New book demonstrates how fitness advances competitive play


Champaign, IL—The beauty of soccer may begin with skill, but players who want to stay healthy and keep playing need to include strength training as part of their exercise regimen. The problem, according to Dr. Donald Kirkendall, a member of FIFA’s Medical Assessment and Research Centre, is that the soccer community has long viewed supplemental strength training with skepticism, evidenced by coaches’ denying players training benefits that are proven to improve physical performance and prevent injury.

Kirkendall, author of the forthcoming Soccer Anatomy (Human Kinetics, 2011), believes that most soccer players have a negative attitude toward strength training because it is done in a weight room and does not involve the ball. He addresses these issues in the book, offering exercises that can be done on the field during routine training, some even involving the ball. The benefits can prove immense. “When developed properly, increased strength will allow players to run faster, resist challenges, be stronger in the tackle, jump higher, resist fatigue, and prevent injury,” Kirkendall says.

Resistance to strength training is especially prevalent in the United States because, Kirkendall argues, the never-ending exposure to soccer is not as evident in American culture as it is in other countries, where families, neighbors, and friends play the game whenever they can. “An American child does not possess the beginnings of a skill set obtained from free play with family and friends,” he says. “The coach may well be the only exposure to the game, requiring almost all coaching to be focused on the ball, which may neglect some basic motor skills and supplementary aspects of fitness.”

A regular program that uses systematic progression, such as a program developed with the exercises found in Soccer Anatomy, will help players improve aspects of fitness important for competitive play, the kind of aspects not addressed in traditional ball-oriented training.
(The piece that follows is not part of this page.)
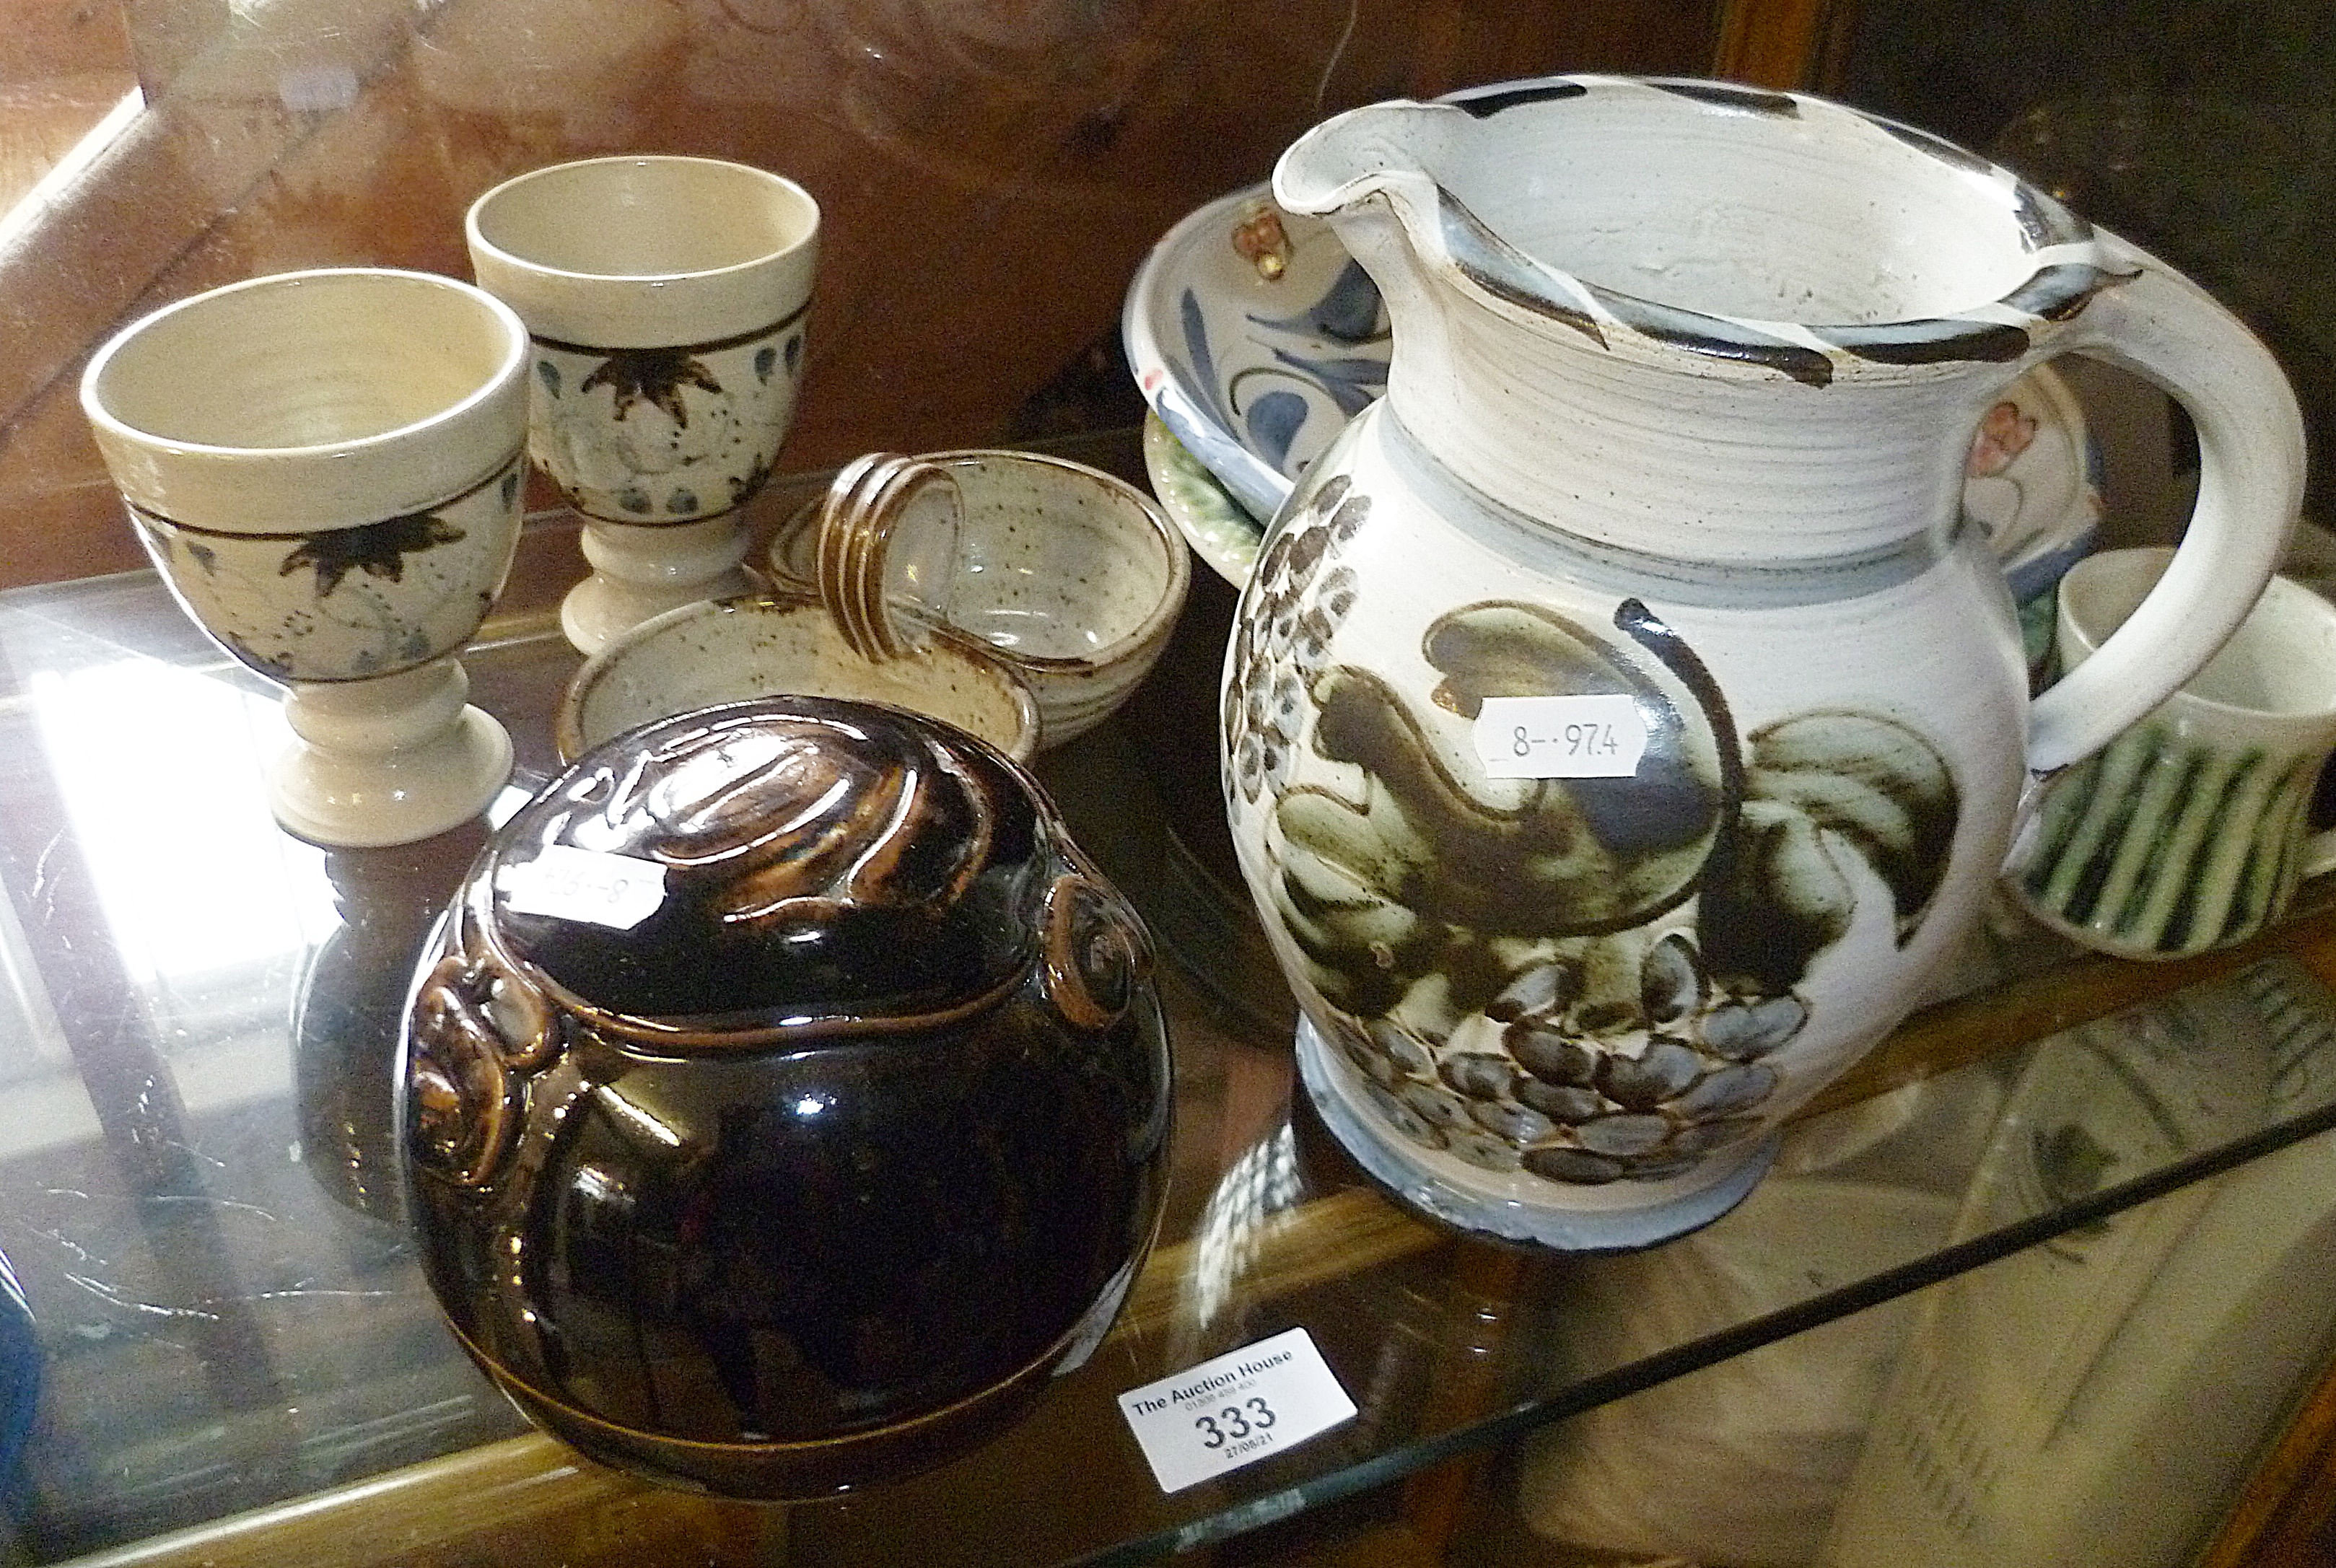 Studio pottery, inc. pieces by Mo Hamid, DM, etc.

Kirkendall warns, “Players who neglect the strength element of training but want to move up to the next level will be in for a shock when they discover how far behind they are and realize just how much catching up is necessary.”

Soccer Anatomy, the latest entry in the popular Human Kinetics Anatomy Series, takes readers inside each exercise to show which muscles are involved and how they contribute to proper execution of the exercise and to success on the field.

For more information, see Soccer Anatomy.


Website Page URL (Link) Reference:

http://www.humankinetics.com/all-soccer-articles/all-soccer-articles/despite-skepticism-strength-training-is-essential-for-soccer-success?

© 2013 Human Kinetics, Inc. All Rights Reserved.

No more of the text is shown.